* [Work request]: Find the line with "3M™ Scotch-Weld™ Epoxy" in the data below. Repeat it and every line after it up to the end, exactly, but drop the pictures.

* [Available data]:

== Segment start ==

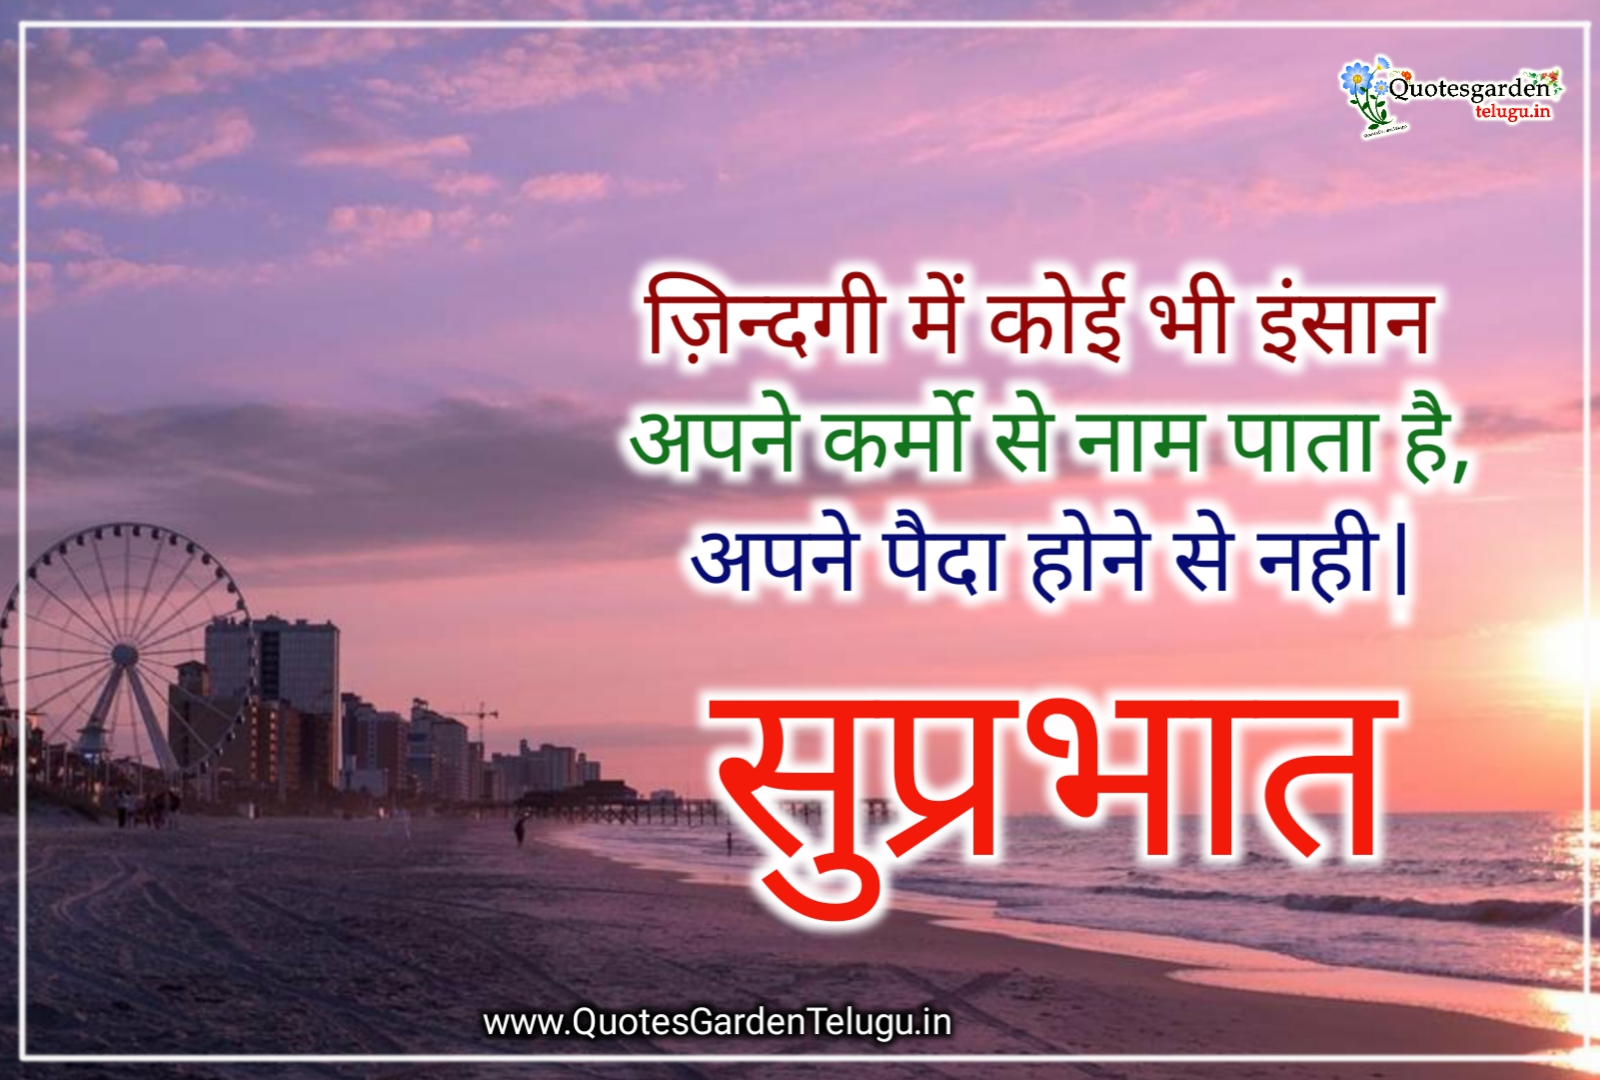 best motivational quotes in hindi shayari images free download | QUOTES  GARDEN TELUGU | Telugu Quotes | English Quotes | Hindi Quotes |
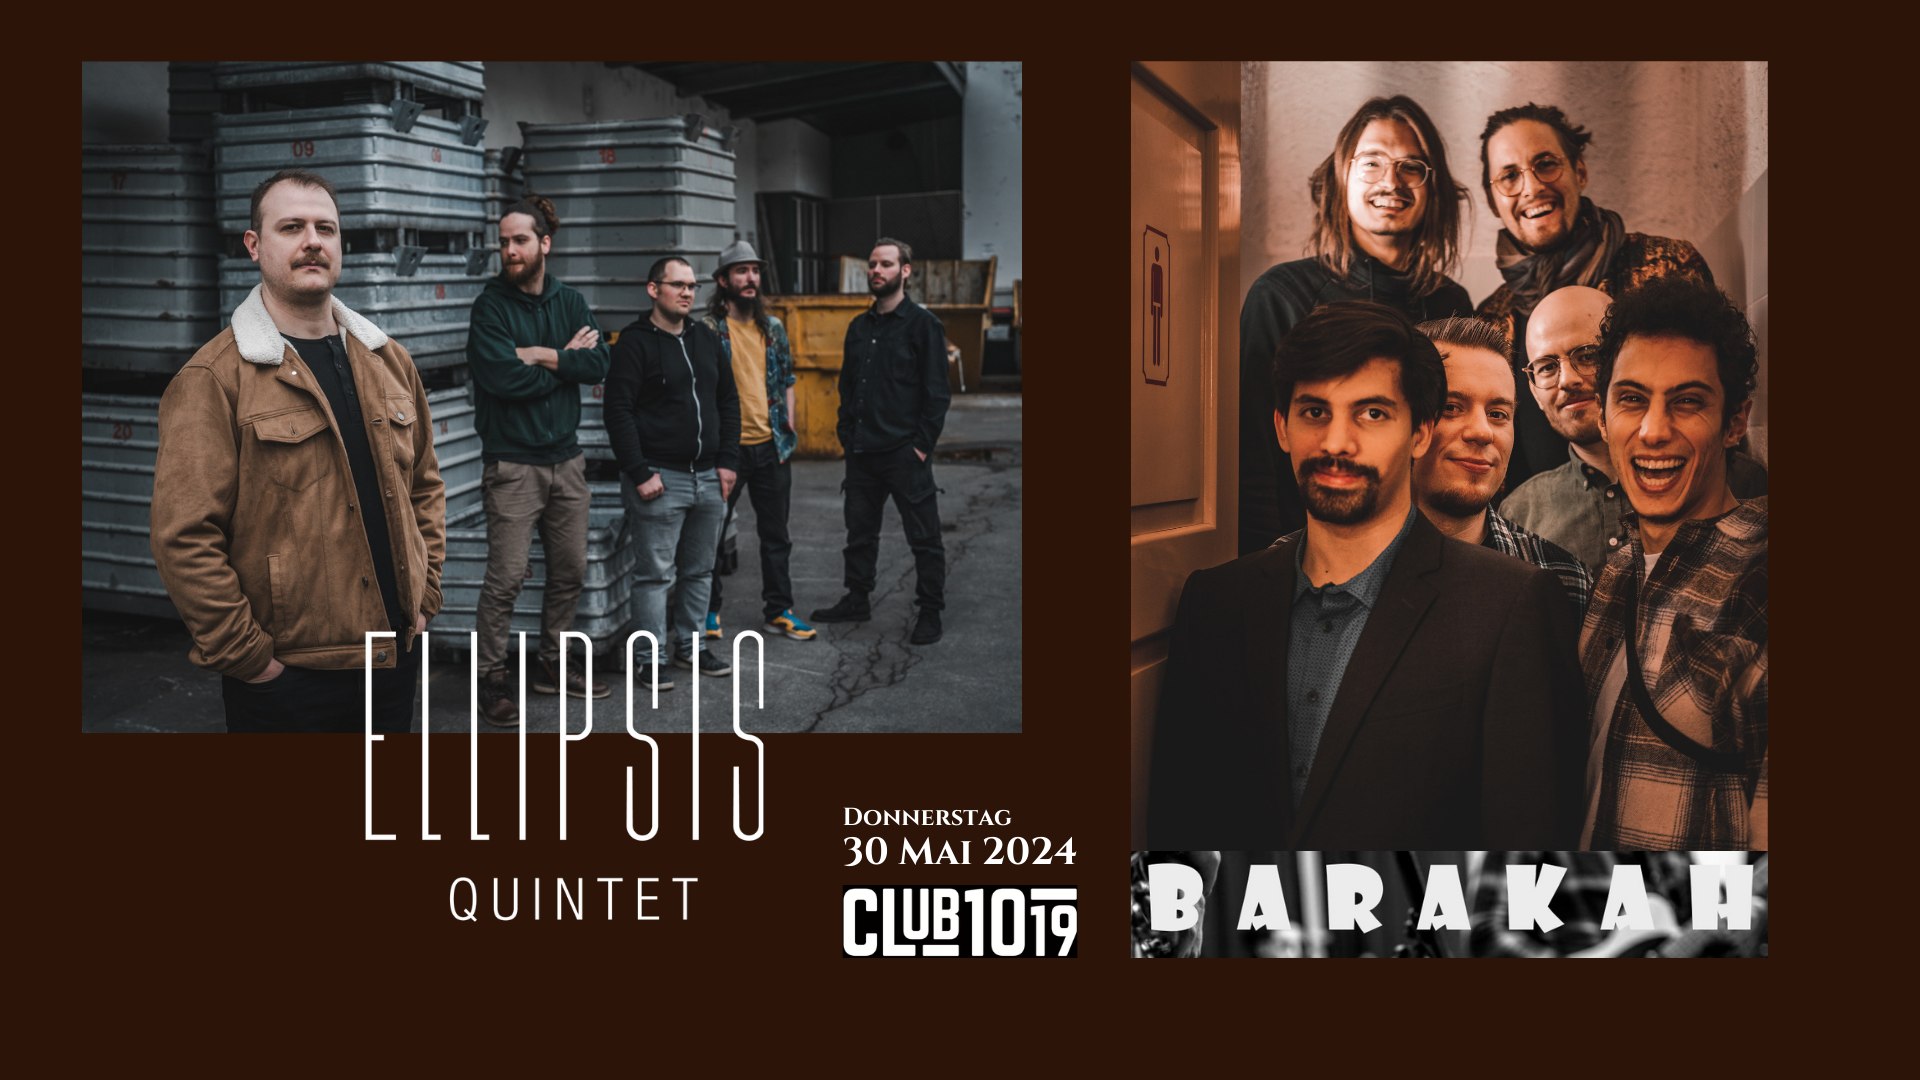 Ellipsis Quintet + Barakah am 30. May 2024 @ Club 1019.
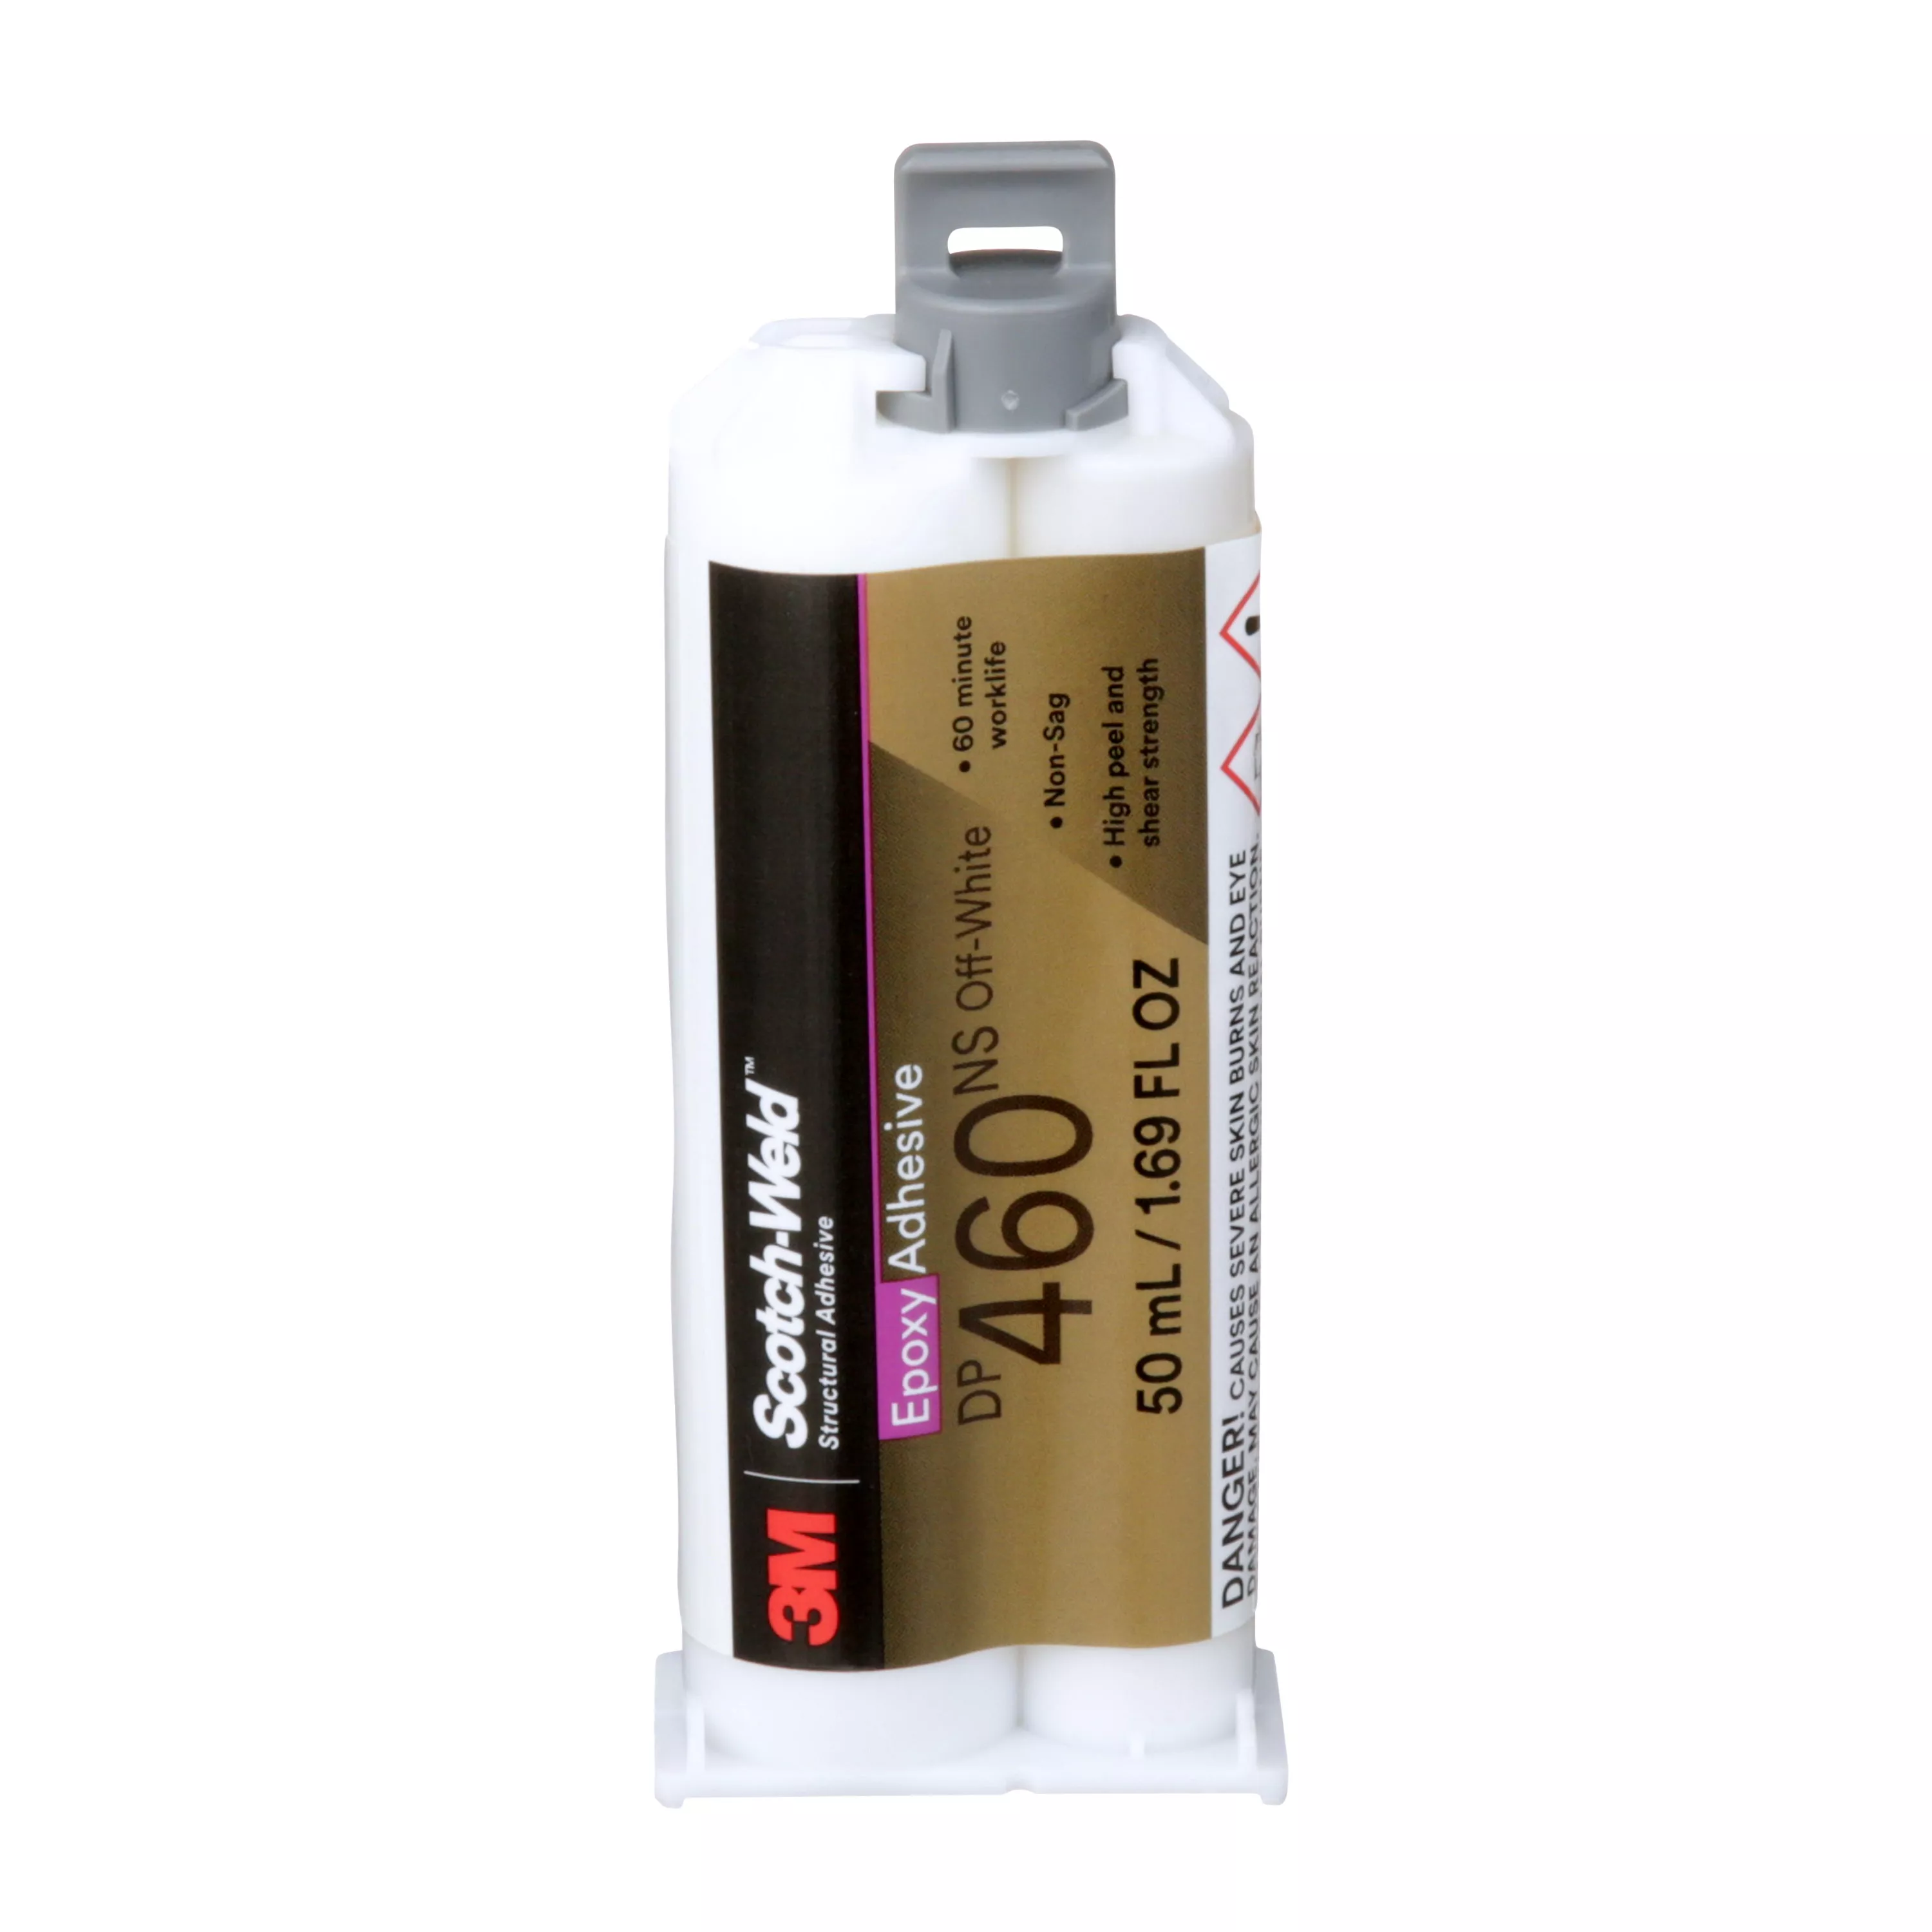 3M™ Scotch-Weld™ Epoxy Adhesive DP460NS, Off-White, 50 mL Duo-Pak,
12/Case

== Segment end ==

* [Answer area]:
 3M™ Scotch-Weld™ Epoxy Adhesive DP460NS, Off-White, 50 mL Duo-Pak,
12/Case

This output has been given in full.